- Developer: Yuke's
- Publisher: Sammy Corporation
- Director: Masamichi Ito
- Producers: Ryūichi Harada Norifumi Hara
- Designers: Yasushi Funakoshi Tetsuya Seta Kota Toyoda Osamu Hashimoto Kentaro Arai
- Programmer: Katsumi Nakagaki
- Writer: Katsuhiko Tokunaga
- Composer: Susumu Hirasawa
- Series: Berserk
- Platform: PlayStation 2
- Release: JP: 7 October 2004;
- Genre: Action-adventure
- Mode: Single-player

= Berserk: Millennium Falcon Hen Seima Senki no Shō =

Berserk Millennium Falcon Arc: Chapter of the Holy Demon War (ベルセルク 千年帝国の鷹篇 聖魔戦記の章, Beruseruku Millenium Falcon Hen Seima Senki no Shō) is an action video game that was released by Sega-Sammy in Japan for the PlayStation 2. It is the second video game based on the manga Berserk.

Sammy licensed the game to YBM-Sisa for a Korean version, which was released at the same time.

Its predecessor, Sword of the Berserk: Guts' Rage, was released on Dreamcast by ASCII in 1999. Both Berserk video games were created by the Japanese developer Yuke's.

==Gameplay==
The game's story covers part of the Millennium Empire Arc from the manga volumes 22 to 27. With its more detailed polygonal models, it is visually more sophisticated than its five years' predecessor on Sega Dreamcast. The maps are much larger than in the first game.
A motion capture process was used for added realism in character moves. Voice dubbing was made with the original anime television series cast.

== Story ==
The story is an adaption of the manga Berserk, and it adapts the storyline from volumes 22 to 27. Guts is on a quest to restore Casca to sanity by traveling to Elfheim.

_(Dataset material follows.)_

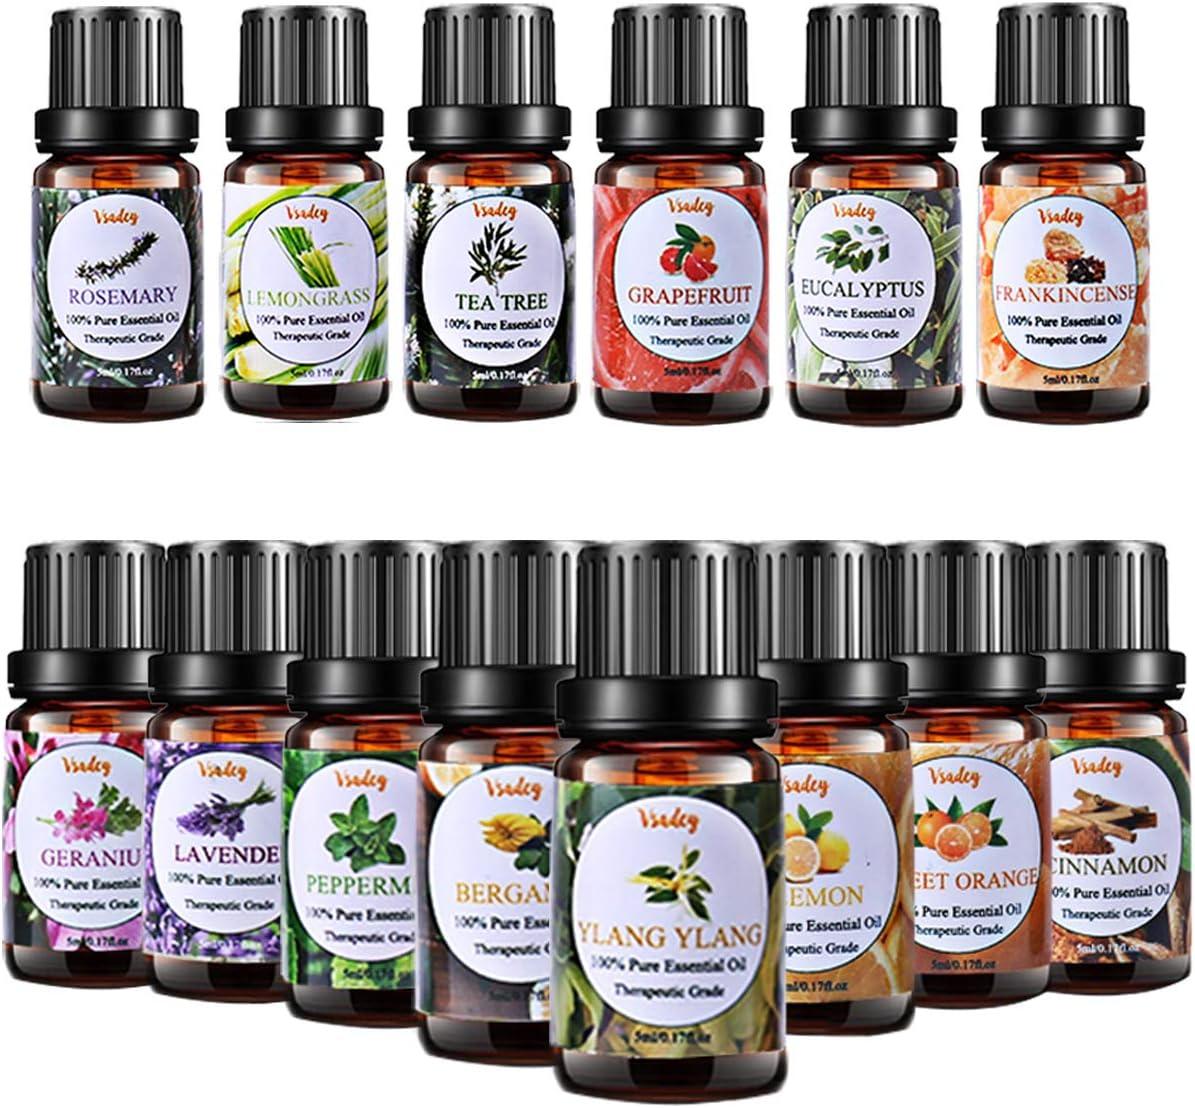 VSADEY Aceites Esenciales Aromaterapia 14pc Aceites Set de Regalo Perfecto Aceites Esenciales para Humidificador y Difusor Aroma, SPA, Masajes, relajarse, Set Essential Oils 100% Puro y Naturales

There is also an original subplot involving an Apostle named Charles who haunts Guts with memories of the former members of The Band of the Hawk.

==Soundtrack==
The Berserk Millennium Empire Arc: Chapter of the Holy Demon War original soundtrack (ベルセルク 千年帝国の鷹篇 聖魔戦記の章~ Original Game Soundtrack) was released on 25 November 2004 in Japan by Vap and ULF Records. Susumu Hirasawa, who did the music for the anime and the DC game, composed Sign as the opening theme (as well as Sign-2, an alternate version of Sign that was used as the game's end theme); both tracks were released by Hirasawa's Chaos Union company in downloadable format through Hirasawa's WORLD CELL MP3 ONLINE SHOP for 4 US Dollars on 20 December 2004. Hirasawa's songs were re-released as part of the HALDYN DOME box set, they were put on CD 10, with the Berserk anime soundtrack and the Sword of the Berserk: Guts' Rage soundtrack. The rest of the game's soundtrack was created by Sound Ams composers Shinya Chikamori, Hiroshi Watanabe, Yasushi Hasegawa, and Tomoyo Nishimoto.

==Release==
The game was released in Japan on October 7, 2004. Two different releases were made in Japan, a collector Branded Box Limited Edition special package including a Guts action figure created by the famous Japanese manufacturer Art of War and the cheaper Standard Edition. In Republic of Korea, the Korean subtitled standard edition was bundled with the action figure in small quantities, only offered to pre-ordering customers. The Korean and Japanese versions were both released the same day. The soundtrack to the game was also sold separately.

== Reception ==
Famitsu magazine gave it a score of 28 out of 40.